Agents can immediately use context.conversation_history or call the provider for more.

Memory Manager Selection

The runtime picks defaults then upgrades if providers are available:

  • Vector store: In-memory by default; Qdrant if QDRANT_URL or AF_MEMORY_PROVIDER=qdrant. Backends may support multiple collections.
  • Embeddings: Prefer Ollama (OLLAMA_HOST), then LM Studio (LMSTUDIO_HOST), else a mock embedder.
  • Conversation store: Postgres if AF_DB_URL is set; otherwise in-memory.

Model Manager Selection

The model manager is created from endpoints loaded via workspace config (forge.toml).
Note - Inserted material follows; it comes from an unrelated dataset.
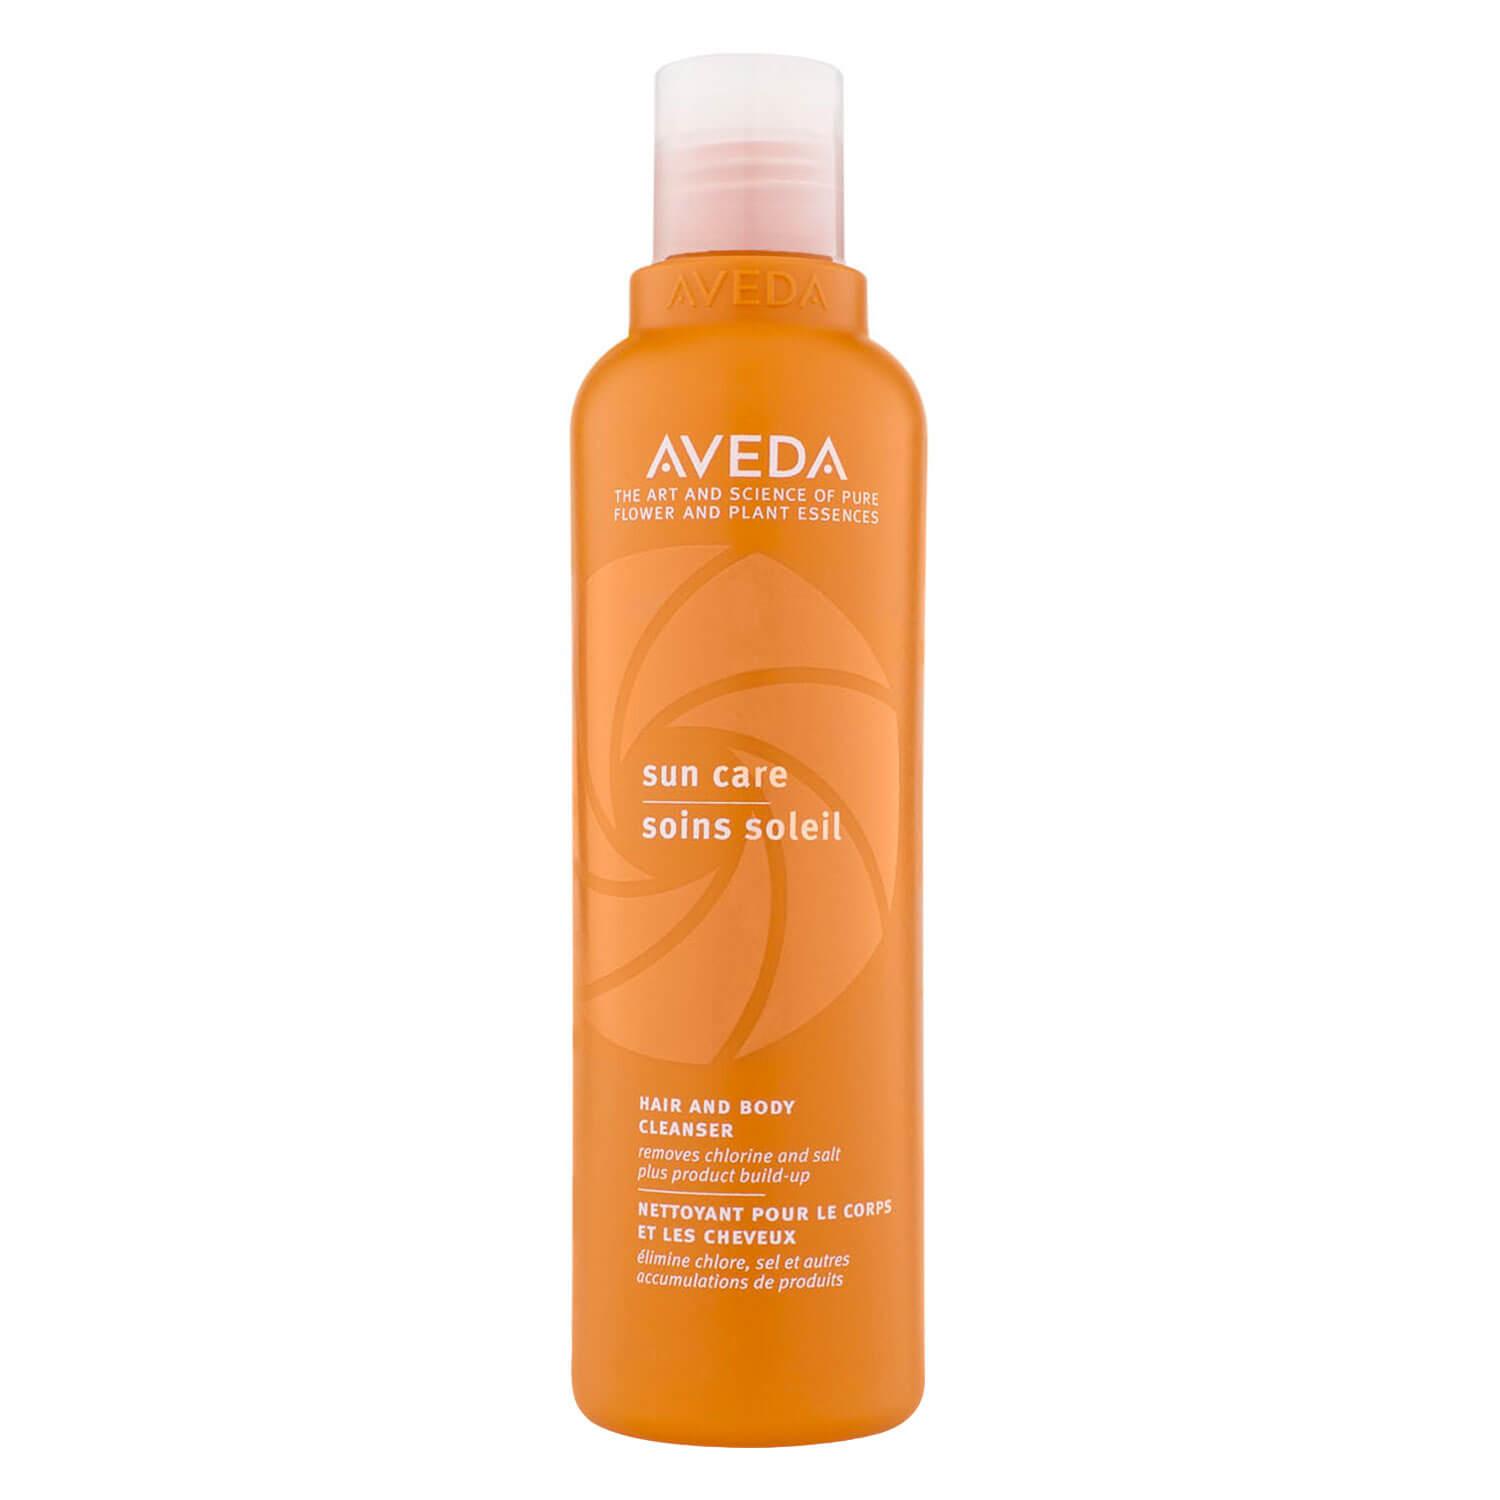 aveda sun care - hair and body cleanser
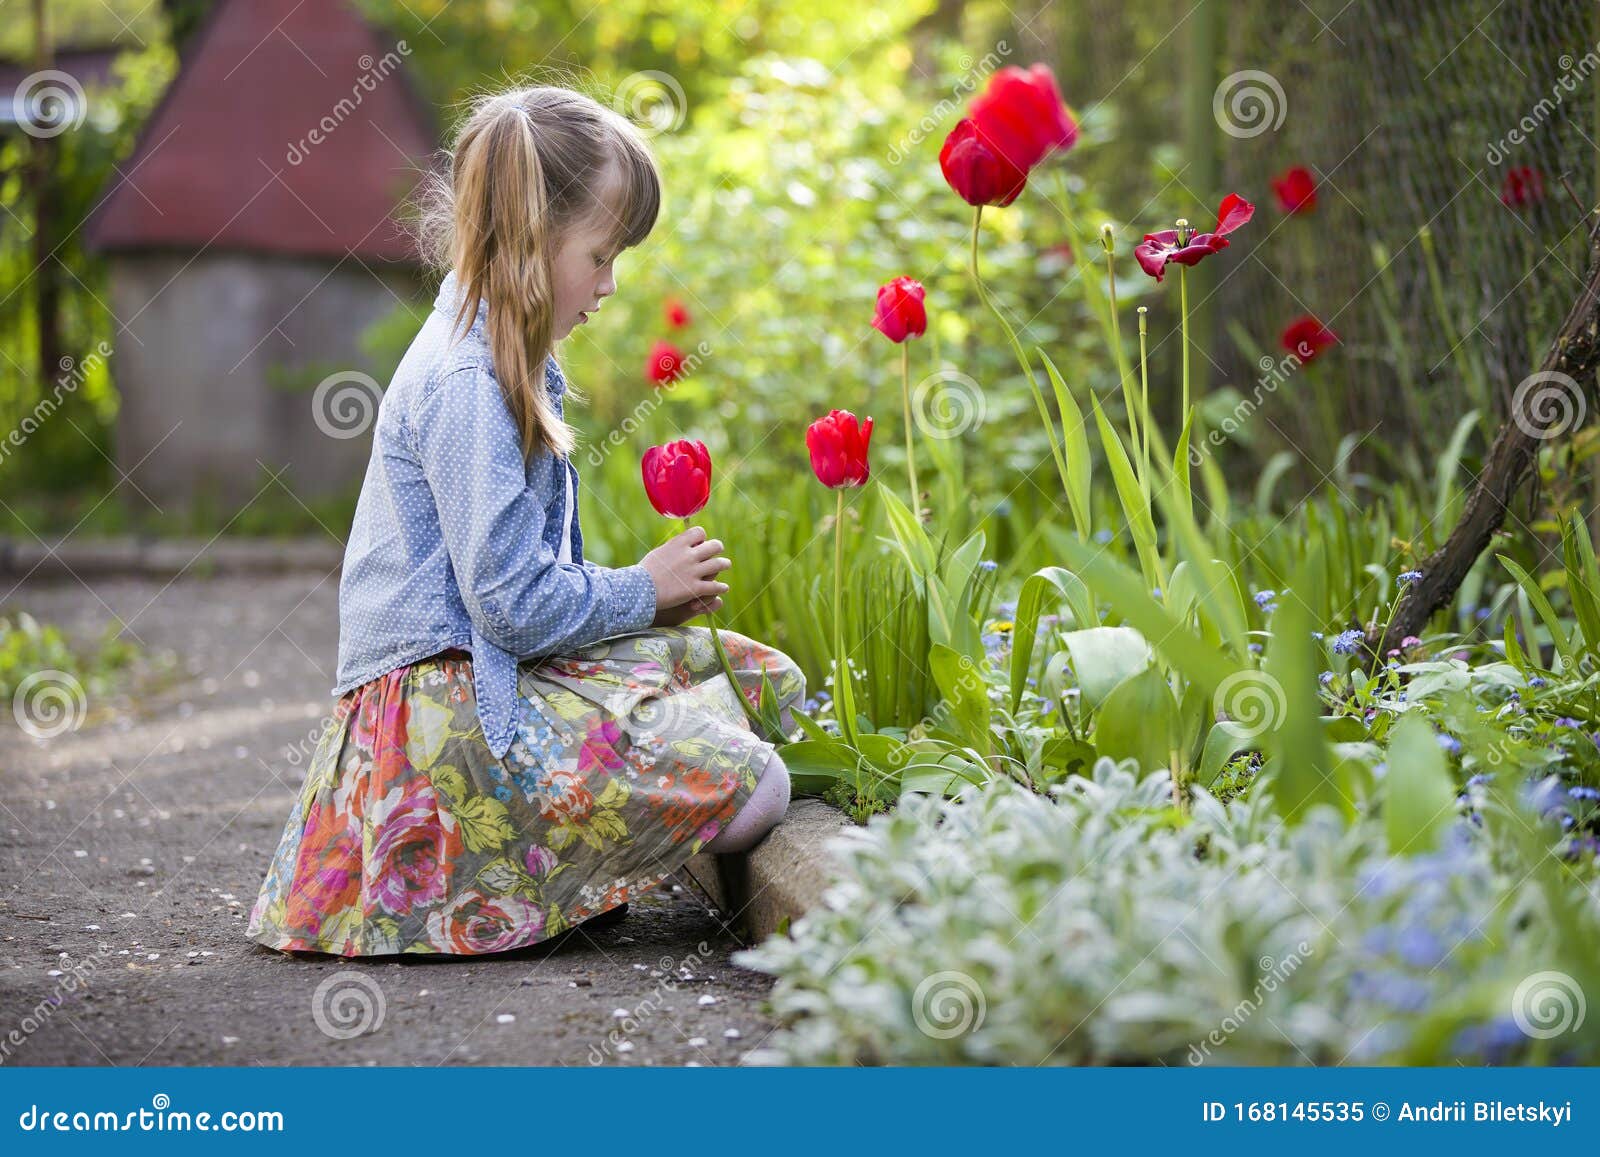 Profile of Cute Pretty Child Girl Outdoor at Flower Bed Looking at ...

Override the default with AF_DEFAULT_PROVIDER.

Environment Variables

  • QDRANT_URL, AF_MEMORY_PROVIDER
  • OLLAMA_HOST, LMSTUDIO_HOST
  • AF_DB_URL
  • AF_DEFAULT_PROVIDER

Practical Usage in an Agent

Because the runtime stores conversation messages automatically and attaches recent history, agents can focus on logic:

async def handle_message(self, message, context):
# History is already available
recent = context.conversation_history
mm = self.runtime.get_memory_manager()
# Store/query vector memory as needed
await mm.store_vector(namespace=self.name, key=str(message.message_id), content=message.content)
hits = await mm.search_vectors(namespace=self.name, query=message.content, limit=5)
# Build a reply using recall + history
recall = "\n".join(f"- {m.content}" for m in hits)
return AgentResponse(content=f"You said: {message.content}\n\n{recall}", agent_id=self.name, response_time=0.0)

This behavior is designed for a great local-first developer experience while remaining pluggable via adapters and environment variables.